Cevap: “bozuk olan bir şeyi ıslah edip düzeltmek, birine zor kullanarak iş yaptırmak” gibi anlamlara gelen cebr kelimesine nisbet ekinin ilâve edilmesiyle meydana gelen bir terim olup zorlayıcı bir gücün hâkimiyeti fikrini benimseyenler için kullanılmıştır. Bütün kelâmcıların kabul ettiği bir tarifi bulunmamakla birlikte genellikle “insanların kendilerine has bir iradeye sahip olmadığını, zihnî ve amelî bütün fiillerinin ilâhî gücün zorlayıcı tesiriyle meydana geldiğini savunanlar” diye tanımlanabilmektedir. Bununla beraber Mu‘tezile mensuplarıyla Ehl-i sünnet kelâmcılarının Cebriyye kavramına yükledikleri anlamlar önemli ölçüde birbirinden farklıdır. Mu‘tezile’ye göre Cebriyye, kullara ait bütün fiillerin önceden belirlenmiş bir plan (kader) dahilinde gerçekleştiğini ve bu tür fiillerin, kulun kısmî tesiri söz konusu olsa bile ilâhî irade ve kudretten bağımsız olarak meydana gelmesinin mümkün olmadığını kabul eden grupların adıdır. Buna göre kadere inanan ve kullara ait fiillerin Allah’ın yaratmasıyla oluştuğunu savunan bütün Sünnî ekoller Cebriyye’ye dahildir. Ehl-i sünnet kelâmcılarının çoğunluğuna göre ise insanlara ait fiillerin, kendilerinin hiçbir etkisi olmaksızın yalnız ilâhî irade ve kudretin tesiriyle gerçekleştiğini ve insanların gerçek anlamda herhangi bir fiil sahibi olmadıklarını iddia edenlere Cebriyye denilir.
Kur’ân-ı Kerîm’de cebr veya cebriyye kelimeleri yer almamakla birlikte cebr kökünden türeyen cebbâr kelimesi geçmektedir ki bir yerde yüce Allah’a, dokuz yerde de zorba insanlara verilen bir isim veya sıfat olarak kullanılmıştır (bk. M. F. Abdülbâkī, el-Muʿcem, “cbr” md.). Bunun dışında ilâhî iradenin her şeyi kuşattığını ve Allah’ın mutlak kudret sahibi olduğunu belirten birçok âyetin yanında müşriklerin Tanrı’ya ortak koşmalarına ilâhî iradenin sebep olduğu iddialarını naklederek cebir görüşüne dolaylı yoldan temas eden âyetler de mevcuttur (el-En‘âm 6/148; en-Nahl 16/35).
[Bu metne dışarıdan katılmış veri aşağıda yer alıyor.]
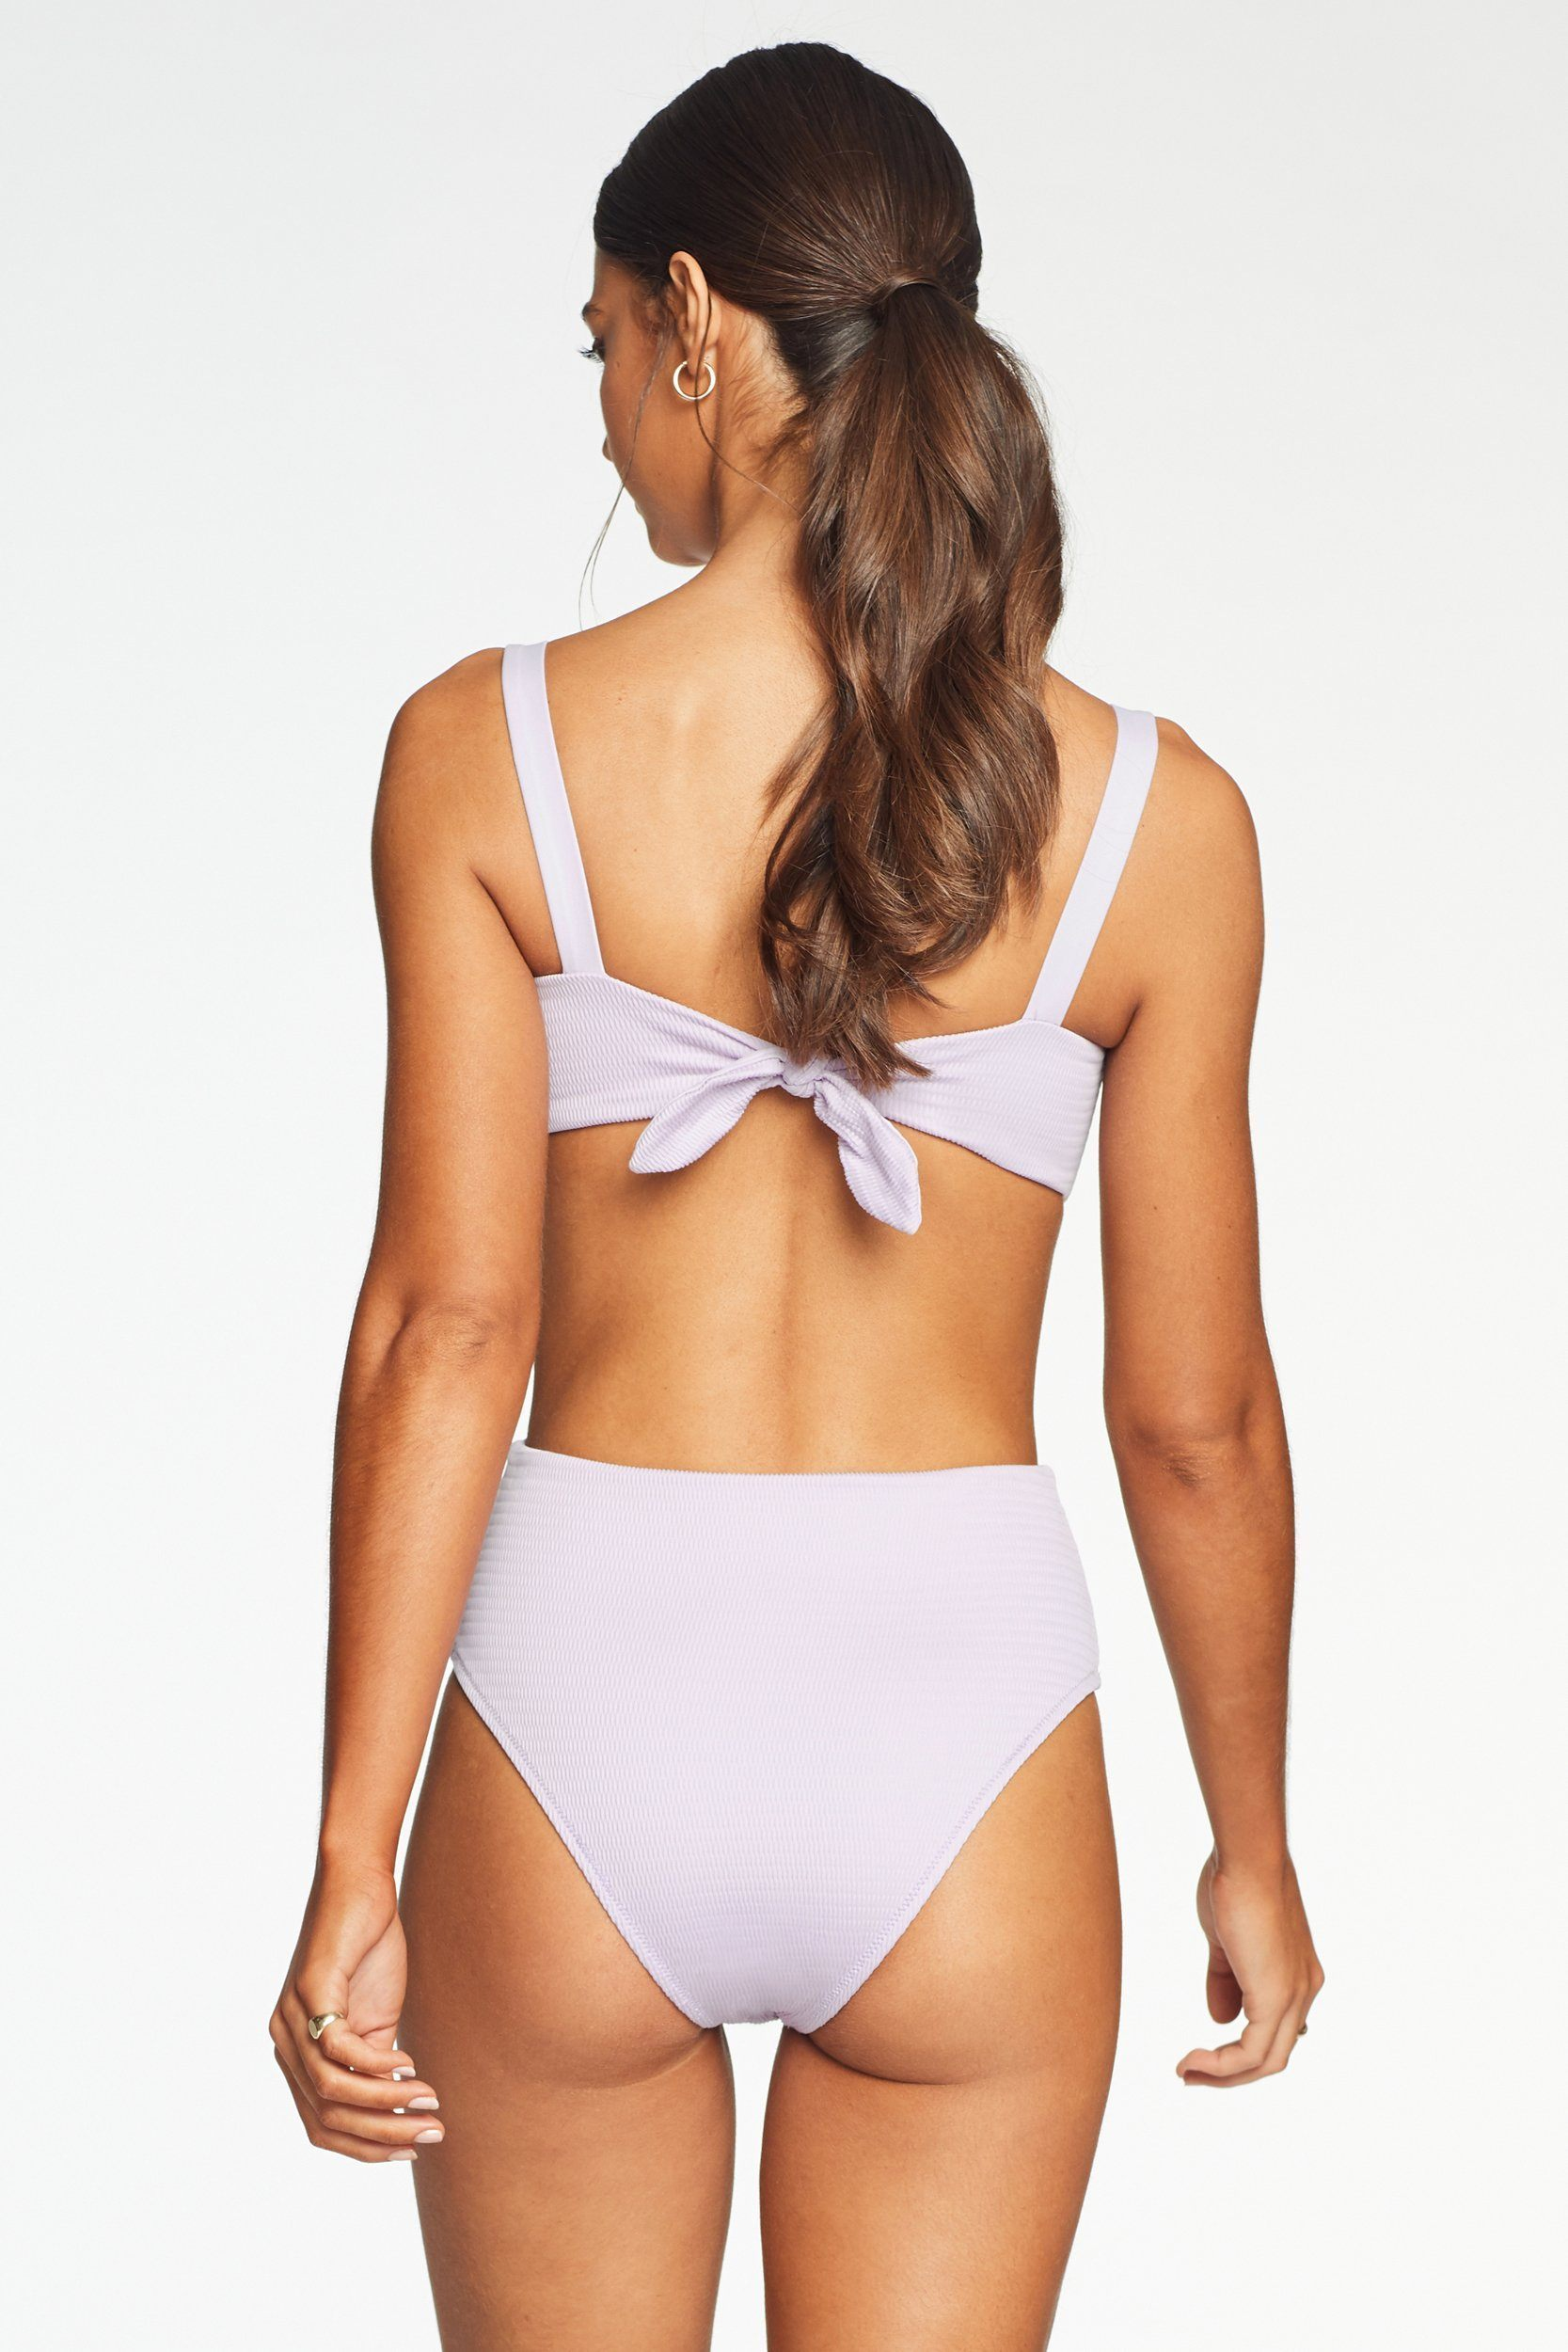 The Almafi Bikini

Hadislerde de esmâ-i hüsnâ arasında zikredilen cebbâr isminden ayrı olarak kadere imanı ve ilâhî iradenin yaratıklar üzerindeki tesirini ifade eden açıklamalar vardır. Bununla birlikte hem Kur’an’da hem de hadis literatüründe insanın kendisine has irade, kudret ve fiillerinin bulunduğunu bildiren naslar da mevcuttur.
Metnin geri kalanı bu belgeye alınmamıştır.